Since the 1950s, Lessing has been our preeminent chronicler of the complex politics of love and sexual attraction; she’s excelled in exploring the fraught relationships between generations, the frequent chasms of alienation between parents and children fighting to come of age. Always gloriously un-PC (no simpleminded stuff in Lessing-land), she cuts into the actual body and blood of human connections, transgressive, transcendent, sometimes fatal. In “The Grandmothers”—written in her 80s, mind you—she conjures the terrible beauty and power of matriarchy, close to the old pagan sense.

Style-wise, Fontaine takes a very different approach to “The Grandmothers,” but she doesn’t play Lessing false. She’s lavish in her appreciation of  Adore’s spectacular setting; so much of moment takes place on the beach, where waves endlessly rise and fall back, marking and nullifying time. There’s more humor in the film than in the novella: in one wonderful scene, Roz and Lil encourage the latter’s longtime suitor to believe they’re lesbians. Funny, yes, but this hapless male feels real pain and humiliation, standing as though on a stage before the seated, giggling, indifferent women. And there are distaff casualties, too, Mary and Hannah, valuable young women who figure in Tom’s attempt to make a life outside the womb, and Ian’s careless act of cruelty after Roz breaks off their affair.

But above all, Adore celebrates the splendidly expressive faces (and performances) of Watts and Wright. The actors who play Tom and Ian aren’t inadequate; but they’re really extras in this mystery play, more models of masculine beauty than genuinely erotic objects of desire. What these goddesses, so rich and vivid in their emotions and sensuality, see in their boys is flesh of their flesh—“We made that, we made them!”—and what Lessing describes as “a shine of unearthliness that illuminated their two sons, at this time.” (Tempting to wonder what Adore would have been like if Claire Denis had directed it, with her onetime favorite—Grégoire Colin, as he was in Beau Travail—cast as beloved son.)

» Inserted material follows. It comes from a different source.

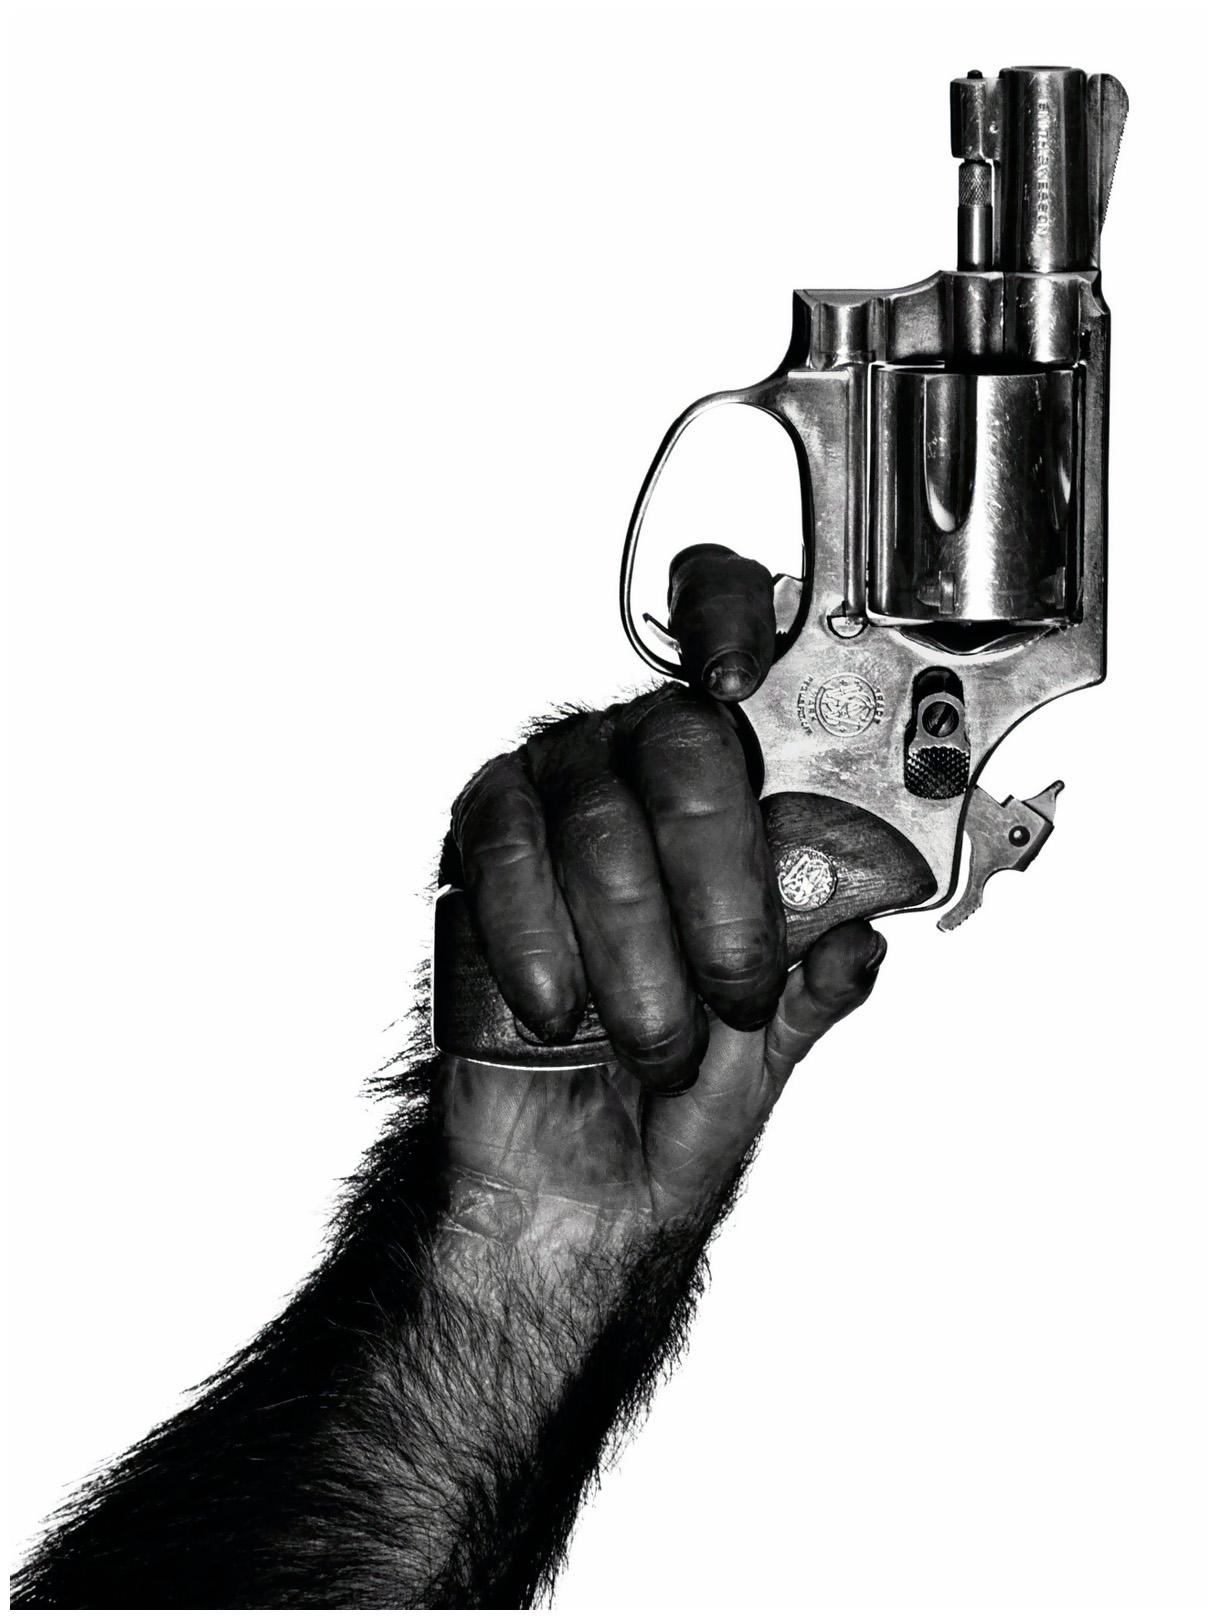 Monkey With Gun, New York, 1992 - Albert Watson

One might say that Roz and Lil, Wright and Watts, are the mise-en-scène of Adore—and that’s the point of this adult fairy tale.  Nothing and no one outside their bell jar paradise—even adorable grandchildren—can claim anything but temporary shelter. Fontaine has a gentler hand than Lessing, who wields a subtle scalpel, and her final reading of this mothers’ tale leans more toward melancholy than the mocking laughter that puts a period to Lessing’s novella. That melancholy rises, like the scent of sun-warmed, salty bodies, netted in a Now that cannot be sustained, no matter what magic earth mothers make.